Resumen de Epigenetics of adipose tissue and its related disorders
Obesity and metabolic syndrome are increasing epidemic worldwide, especially in developed countries. Obesity and metabolic disease increase the risk of suffering certain diseases such as diabetes, cardiovascular disease, NASH, neurodegenerative disorders or some type of cancers like colorectal cancer. Adipose tissue is nowadays considered as an important organ that can regulate body homeostasis and modulate other tissues function through the delivery of a wide range of molecules. It has been shown that in obesity and metabolic disease context an adipose tissue dysfunction exists, producing changes in the adipokine secretion profile that in turn can prone to the disorders usually associated to these conditions. Besides, metabolic disease and obesity development are closely related to environmental factors such as food, smoking, sedentary habits, etc. However, obesity and metabolic syndrome also have a genetic and an epigenetic component, being regarded the epigenetic landscape as a mediator between environmental and genetic factors.
In this sense, epigenetics mechanisms can be shaped by nutrition, smoking or exercise among other lifestyle factors. There are two main epigenetics mechanism: 1) DNA methylation, which occurs in the C5 of a cytosine pyrimidine near to a guanine (position called CpG); and 2) histone modifications, which mainly occurs in the N terminal of histone proteins and that have a more diverse nature (acetylation, methylation, phosphorylation, sumoylation, ubiquitination, glycosylation,…). Both mechanism have been shown to be deregulated in metabolic syndrome and obesity, and could be implied in the etiology and associated risks observed in these conditions.

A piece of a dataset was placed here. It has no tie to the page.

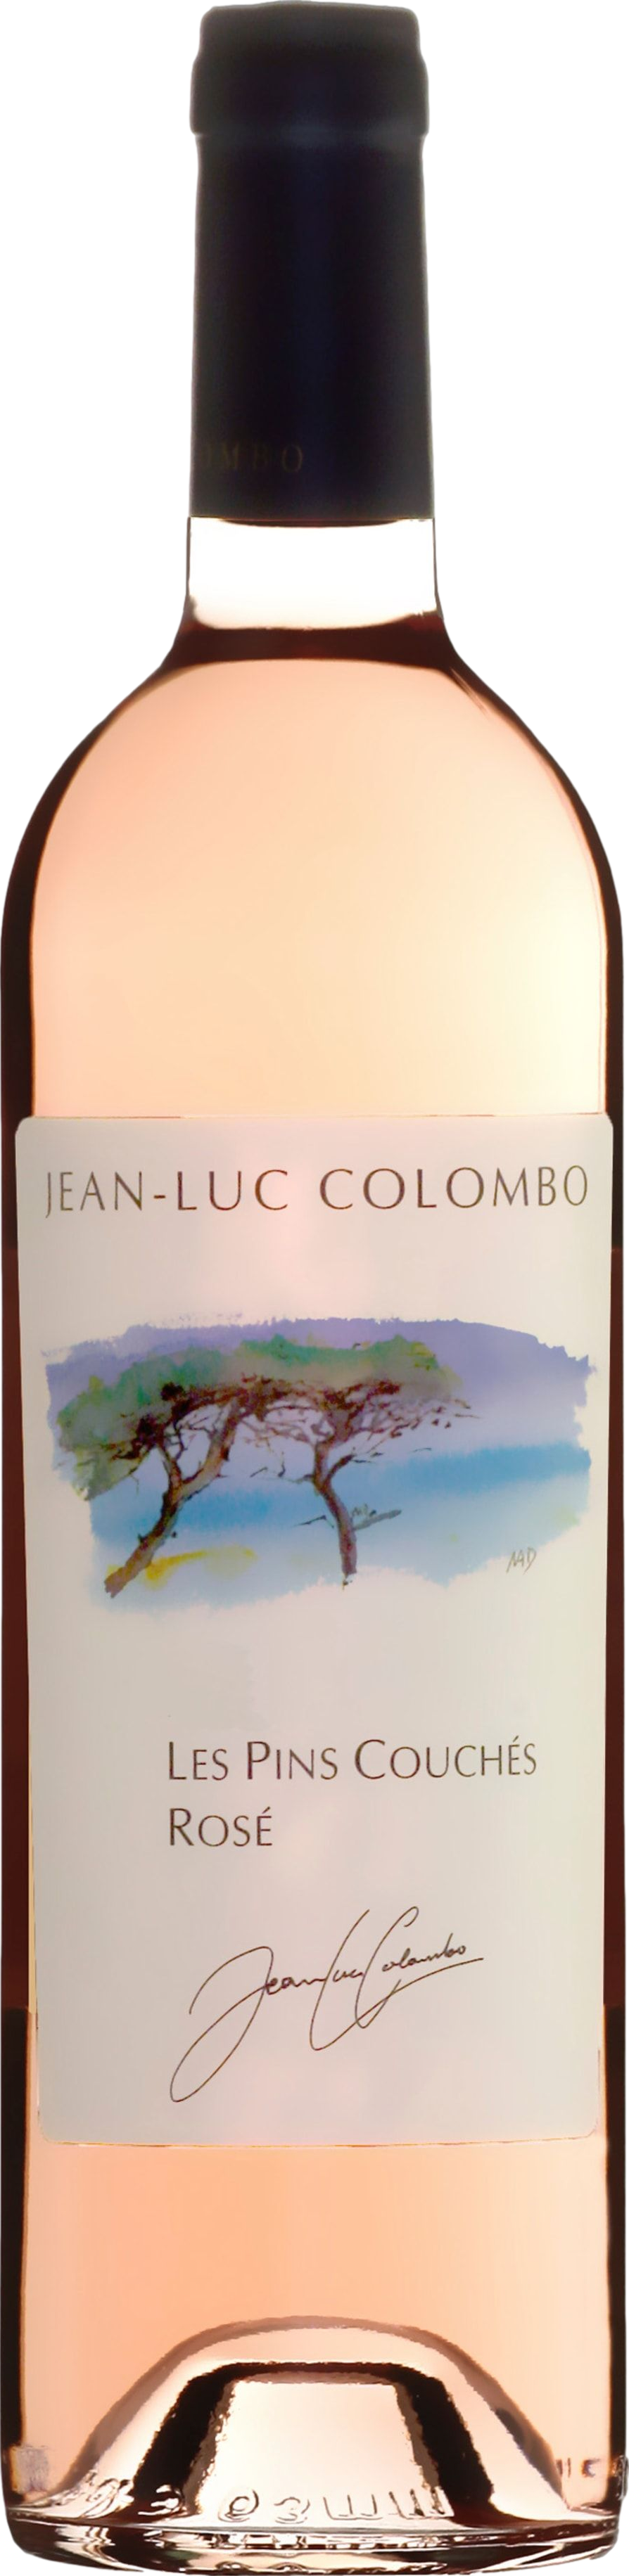 Vins Jean-Luc Colombo Jean-Luc Colombo Les Pins Couches Rose 2019

Thus, the hypothesis of this thesis is that visceral adipose tissue (VAT) epigenetics could be de-regulated in obese, metabolic syndrome and colorectal cancer subjects contributing to the etiology of these disorders. To answer this hypothesis, the objective was to study the DNA methylation and histone H3K4me3 modification in VAT from Obese and Metabolic Syndrome Subjects as well as DNA methylation from VAT of Colorectal Cancer patients.
Two main techniques were used: DNA methylation was measured by DNA bisulfite conversion and pyrosequencing using the Pyromark Q96 system (Qiagen, Corea); and to study histone modifications, a chromatin immunoprecipitation (ChIP) protocol was first established. After that we apply this ChIP method to quantify tri-methylation at lysine 4 of histone 3 (H3K4me3) modifications. Moreover, standard molecular technics were used such as qPCR for the quantification of mRNA and enriched DNA after chromatin immunoprecipitation, western blot for protein quantification or ELISA assays.
We observed differences in some studied CpG islands in metabolic syndrome, extreme obese subjects and colorectal cancer subjects such as LPL, TNF, C3, VDR or NFκB1 promoters. Besides, some of these marks presented negative correlations with mRNA levels suggesting an epigenetic control of the transcriptional activity. These marks were also associated to variables related to the etiology of obesity as well as the metabolic syndrome worsening, and to inflammation in colorectal cancer. Besides, H3K4me3 was positively associated to the body mass index and to insulin resistance states, being higher the promoter enrichment for most of the studied genes in extreme obese people with glucose intolerance. Furthermore, some of these marks were positively related to mRNA levels, fact that could suggest that these mRNA levels could be regulated by this histone mark.
Thus, this thesis dissertation shows that adipose tissue epigenetics might be contributing to adipose tissue function and to the etiology of obesity, metabolic syndrome and colorectal cancer.